This project notebook aims to provide concise data summary for the IHDP (Infant Health and Development Program) dataset specifically targeting on the section of infant birth weight. The following process will use pandas as the main statistical tools to calculate the data column's mean, median and mode. Addtionally, the project will also provide data visualization using the Python standard library. Since we are only allowed to use pandas to plot the visualization, we cannnot draw a histogram or bar chart like plot since they invloves using matplotlib, plotly and so on.

In [None]:
#Data summary for IHDP dataset using pandas
import pandas as pd

df = pd.read_csv("HW1_IHDP.csv")

bw = df["bw"]

bw_mean = bw.mean()
bw_median = bw.median()
bw_mode_series = bw.mode()   
bw_mode = bw_mode_series.iloc[0] 

print("Birth weight (bw) statistics using pandas:")
print("Mean  :", bw_mean)
print("Median:", bw_median)
print("Mode  :", bw_mode)


Birth weight (bw) statistics using pandas:
Mean  : 1795.867005076142
Median: 1860.0
Mode  : 2340


In [None]:
#Data summary for IHDP dataset using only the Python standard library
import csv

bw_values = []

with open("HW1_IHDP.csv", newline="") as f:
    reader = csv.DictReader(f)
    for row in reader:
        value_str = row["bw"]
        if value_str != "":           
            bw_values.append(float(value_str))

n = len(bw_values)

# mean
bw_sum = 0
for v in bw_values:
    bw_sum += v
bw_mean = bw_sum / n

# median
sorted_bw = sorted(bw_values)

if n % 2 == 1:
    bw_median = sorted_bw[n // 2]
else:
    mid1 = sorted_bw[n // 2 - 1]
    mid2 = sorted_bw[n // 2]
    bw_median = (mid1 + mid2) / 2

# mode
counts = {}
for v in bw_values:
    if v in counts:
        counts[v] += 1
    else:
        counts[v] = 1

max_count = 0
for v in counts:
    if counts[v] > max_count:
        max_count = counts[v]

bw_modes = []
for v in counts:
    if counts[v] == max_count:
        bw_modes.append(v)

print("Birth weight (bw) statistics using only the Python standard library:")
print("Number of observations:", n)
print("Mean   :", bw_mean)
print("Median :", bw_median)
print("Mode(s):", bw_modes)

Birth weight (bw) statistics using only the Python standard library:
Number of observations: 985
Mean   : 1795.867005076142
Median : 1860.0
Mode(s): [2340.0]


In [1]:
#Data visualization using pandas
import pandas as pd

df = pd.read_csv("HW1_IHDP.csv")
bw = df["bw"].dropna()

num_bins = 10

min_bw = bw.min()
max_bw = bw.max()

bin_width = (max_bw - min_bw) / num_bins

bin_edges = [min_bw + i * bin_width for i in range(num_bins + 1)]

counts = [0] * num_bins

for v in bw:
    idx = int((v - min_bw) / bin_width)
    if idx == num_bins:
        idx -= 1
    counts[idx] += 1

max_count = max(counts)
max_bar_width = 40 

print("Histogram of birth weight (bw) \n")

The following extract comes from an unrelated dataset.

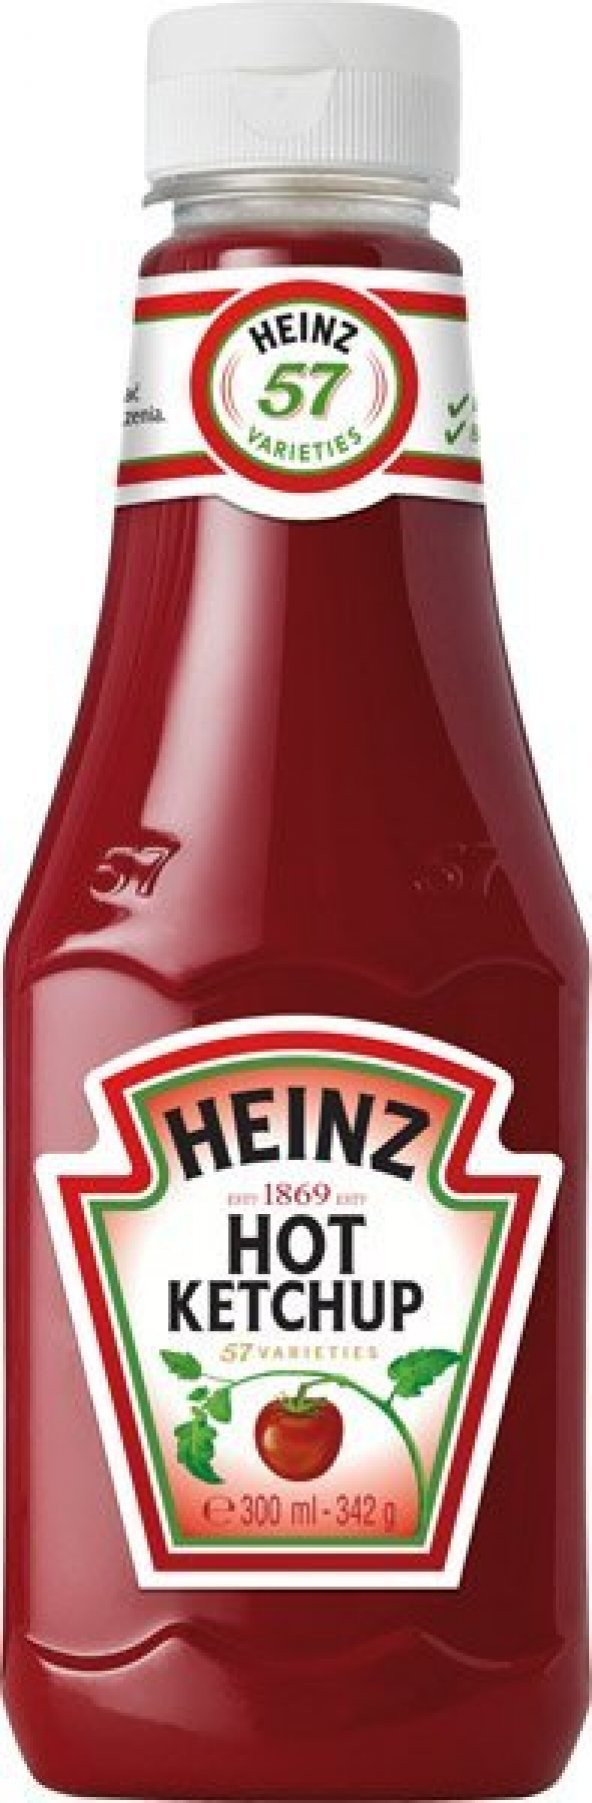 Heinz Acılı Ketçap 300 gr

for i, count in enumerate(counts):
    left = int(bin_edges[i])
    right = int(bin_edges[i + 1])

    if max_count > 0:
        bar_len = int(count / max_count * max_bar_width)
    else:
        bar_len = 0

    if count > 0 and bar_len == 0:
        bar_len = 1

    bar = "█" * bar_len

    print(f"{left:4d}-{right:4d} | {bar} ({count})")

Histogram of birth weight (bw) 

 540- 736 | █ (5)
 736- 932 | ███████████ (45)
 932-1128 | █████████████ (55)
1128-1324 | █████████████████ (69)
1324-1520 | █████████████████████ (86)
1520-1716 | ██████████████████████████████ (123)
1716-1912 | ██████████████████████████████████████ (155)
1912-2108 | ███████████████████████████████████ (144)
2108-2304 | ████████████████████████████████████████ (161)
2304-2500 | ███████████████████████████████████ (142)